Ground 3: Obviousness over Core Media References and Philyaw - Claims 16 and 33 are obvious over Ferris in view of Lambert, Gionis, and Philyaw
Prior Art Relied Upon: Ferris (WO 99/04568), Lambert (Patent 4,381,522), Gionis (1999 conference paper), and Philyaw (WO 00/16205).
Core Argument for this Ground:
- Prior Art Mapping: This ground builds on the combination of Ferris, Lambert, and Gionis and adds Philyaw to address the specific limitation of claims 16 and 33, which require that the "machine-readable instructions comprise a hyperlink to a URL." Philyaw was cited for its teaching of a system that links analog audio signals to advertiser URLs.
- Motivation to Combine: Petitioner argued that while Ferris teaches sending information to a user to enable an action, it does not explicitly mention a URL. A POSITA would combine the teachings of Philyaw with the Ferris system because providing a URL was a well-known technique to improve communication devices. This would predictably create a more robust system by giving advertisers another channel to provide information and solicit viewers via web pages.

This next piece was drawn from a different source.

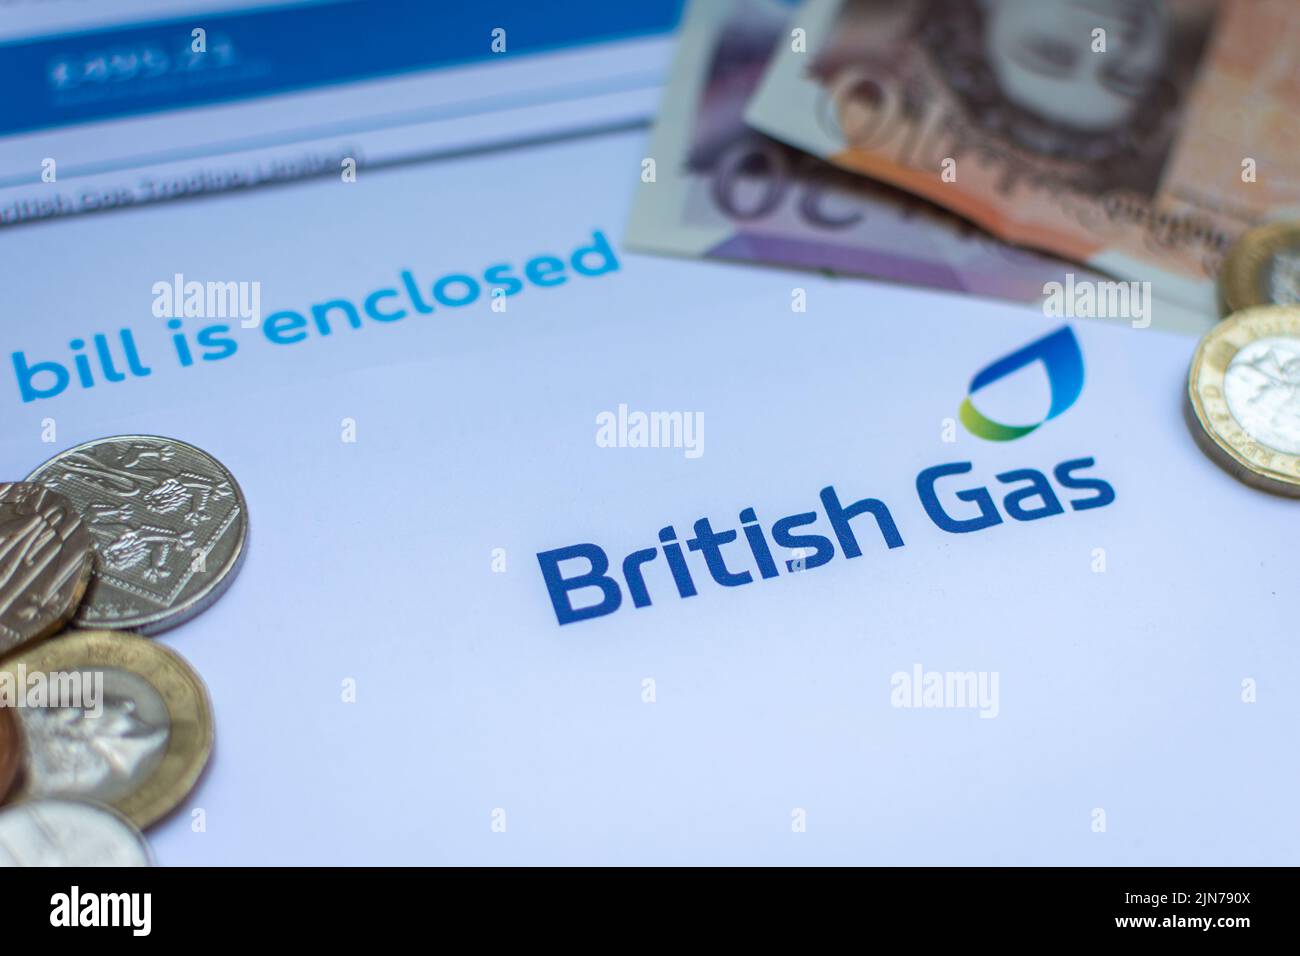 Una fattura britannica del gas con la valuta del Regno Unito. Il costo della vita e l'inflazione con prezzi in aumento stanno colpendo molte persone. Foto Stock

Additional Grounds: Petitioner asserted an additional obviousness challenge for claims 12, 17, 29, and 34 based on the core combination plus Goldstein (Patent 5,410,326), which taught providing electronic coupons and instructions to dial a telephone number. Petitioner also argued that all claims are unpatentable under 35 U.S.C. §112 for indefiniteness (due to the ambiguous term "tag") and for lacking written description support.
4. Key Claim Construction Positions
- "near neighbor" / "neighbor": Petitioner argued against the Patent Owner's proposed construction from a related litigation, which required the match to be "within a defined threshold of a query." Petitioner contended this improperly imported a limitation from the specification. Under the broadest reasonable construction standard, Petitioner argued the term should be construed more simply as a "close, but not necessarily exact or the closest, match." This broader construction is critical to Petitioner's obviousness arguments, as it allows prior art search algorithms that do not rely on a fixed threshold (like Gionis) to meet the claim limitation.
5. Relief Requested
- Petitioner requests institution of a Covered Business Method Review and cancellation of claims 1-34 of the ’464 patent as unpatentable under 35 U.S.C. §§ 101, 103, and 112.